EU’s Jean Claude-Juncker says it would be good if he was British PM, prompting angry reaction
Juncker said at a European Council summit on Friday: “I am not a British prime minister, it would be good for Britain if I was.” He was replying to reporters who asked him what he thought the outcome of Theresa May’s Brexit discussions with her divided cabinet would be. The response on Twitter was predictable.
Tory MP Nigel Evans: 'I wouldn't put Juncker in charge of my wine rack'— James Tapsfield (@JamesTapsfield) February 23, 2018
His definition of "good" being suicide of course.— Winston #FBPE - Brexit! (@airstripone84) February 23, 2018
I’d prefer trump— mandyrj (@amanda_mandyrj) February 23, 2018
I couldn’t think of anything worst.— Marlon Fullick 🇬🇧 (@FullickMarlon) February 23, 2018
Yes, 'Heil Juncker' and all that...— Michael Wilson (@mikeyraywilson) February 23, 2018
It follows reports of Juncker smirking during an EU Commission press conference on Thursday when he claimed that he would “never interfere” in UK party politics. He said he “fully trusts” that May is capable of bridging differences within her Conservative Party.

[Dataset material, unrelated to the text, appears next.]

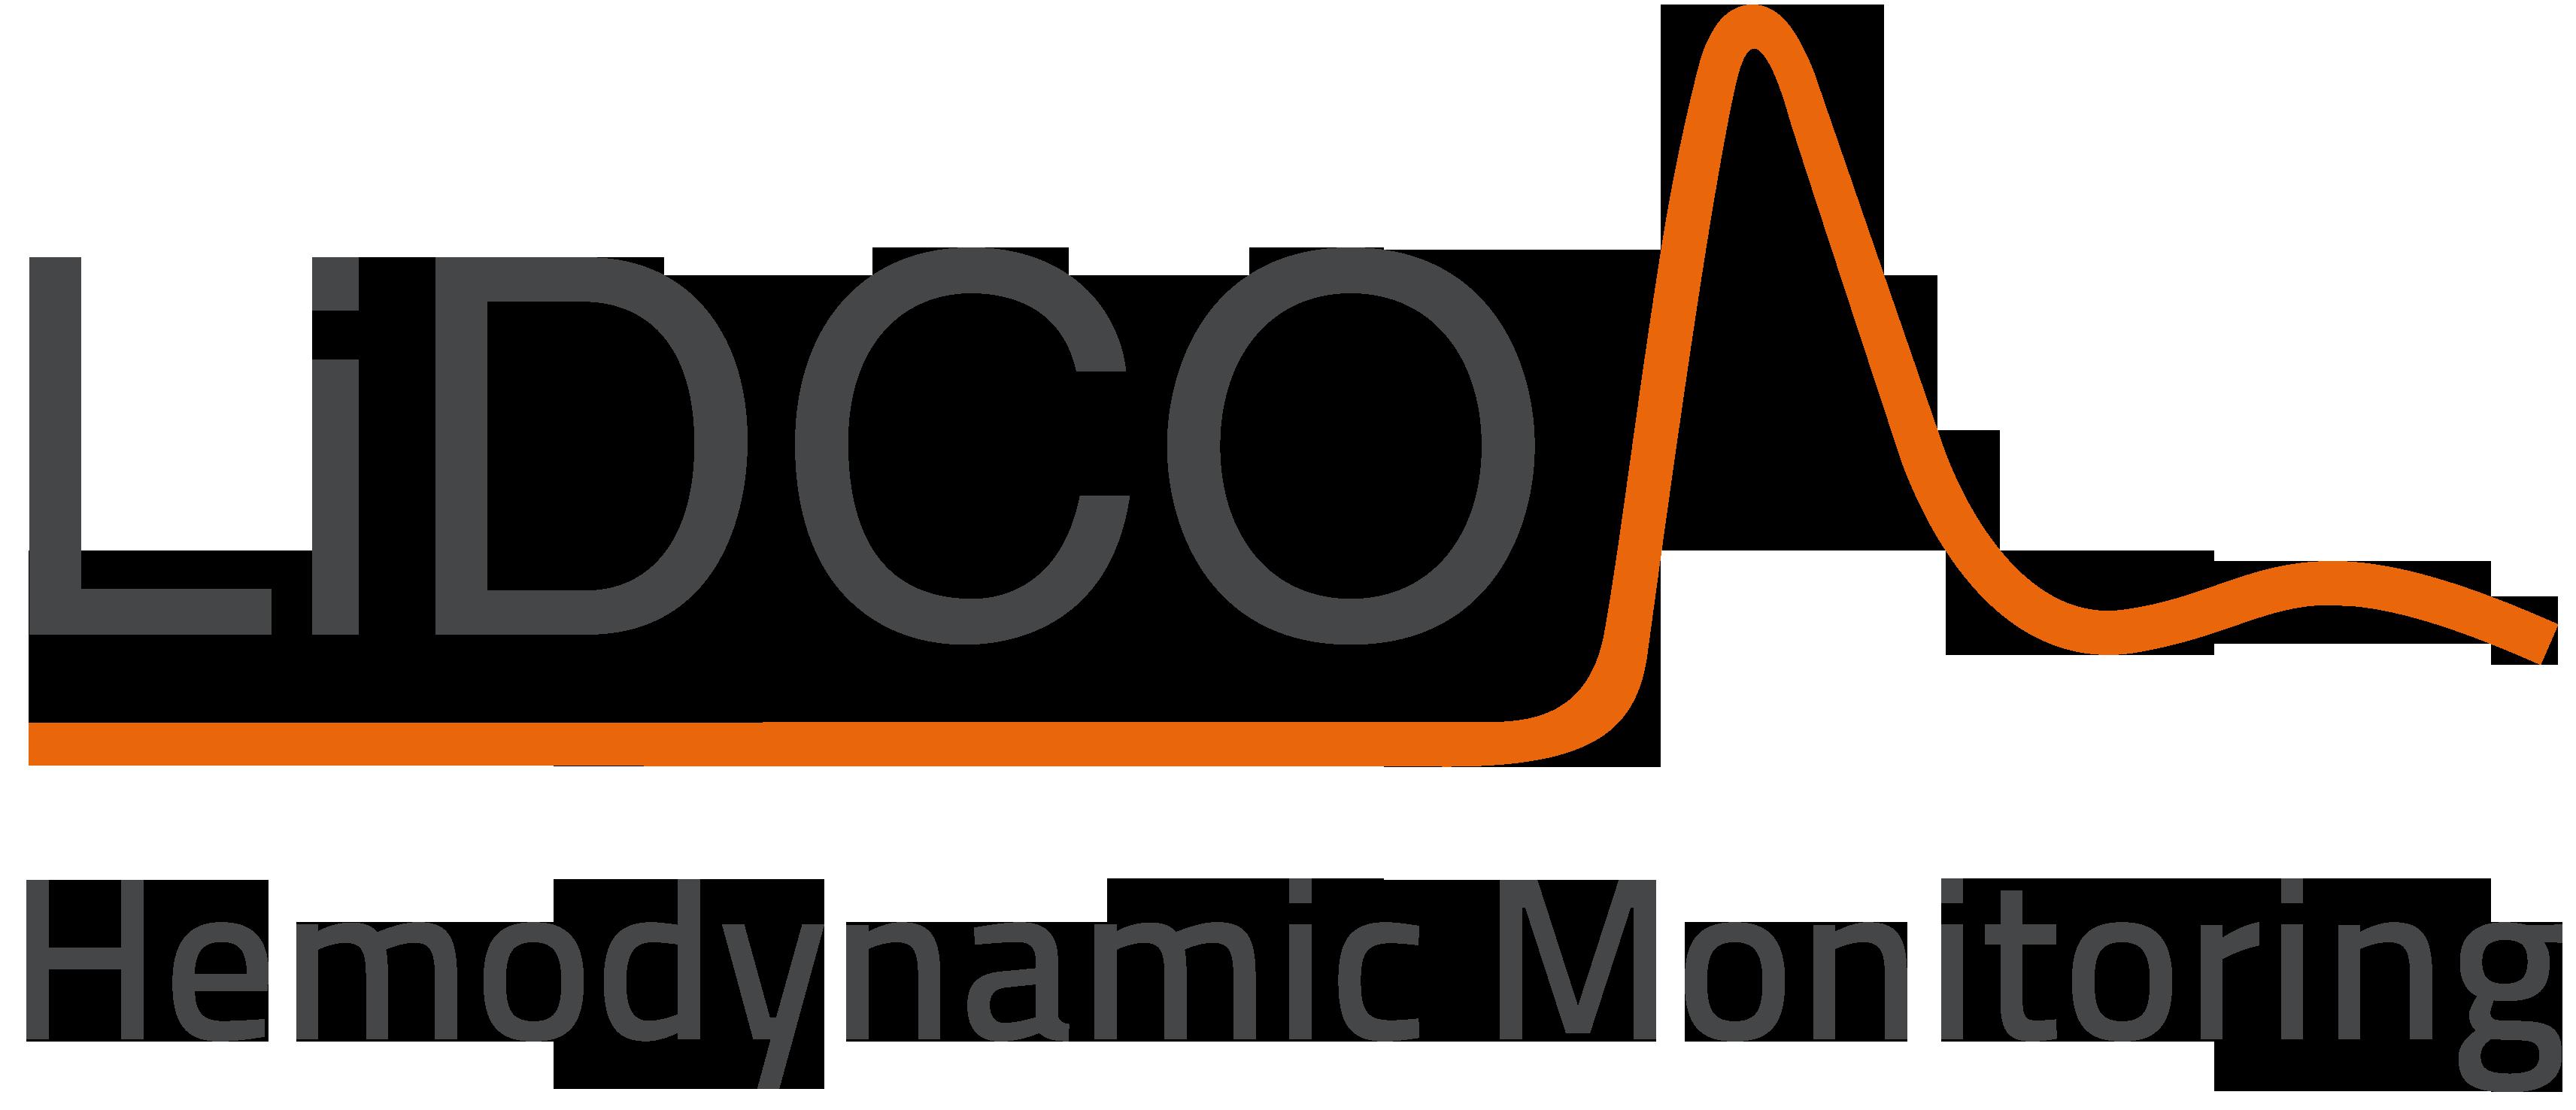 LiDCO Group plc logo

He made the comments on the back of 62 Tory ministers sending May a “ransom” letter, in which they demanded that she seek a hard Brexit approach, and outlined exactly how she could achieve that. Juncker said: "I have full trust in the British prime minister, and I will never interfere in a party controversial matters."
The Luxemburg-born diplomat is the very same man who allegedly called May “deluded” over Brexit after he met the PM during a dinner at Downing Street in April last year. It was also reported that following the meal, in which May expressed her view on how the UK would drop out of the bloc, Juncker called German Chancellor Angela Merkel to tell her the so-called ‘Iron Lady’ is “living in another galaxy.”
And just a few months later, in October, another leaked account of a dinner between the two in Brussels claimed Juncker said May had pleaded for help to save her political life. The German Frankfurter Allgemeine newspaper claimed he described her as appearing “anxious,” “tormented,” “despondent and discouraged.” The EU chief, however, denied making any such remarks.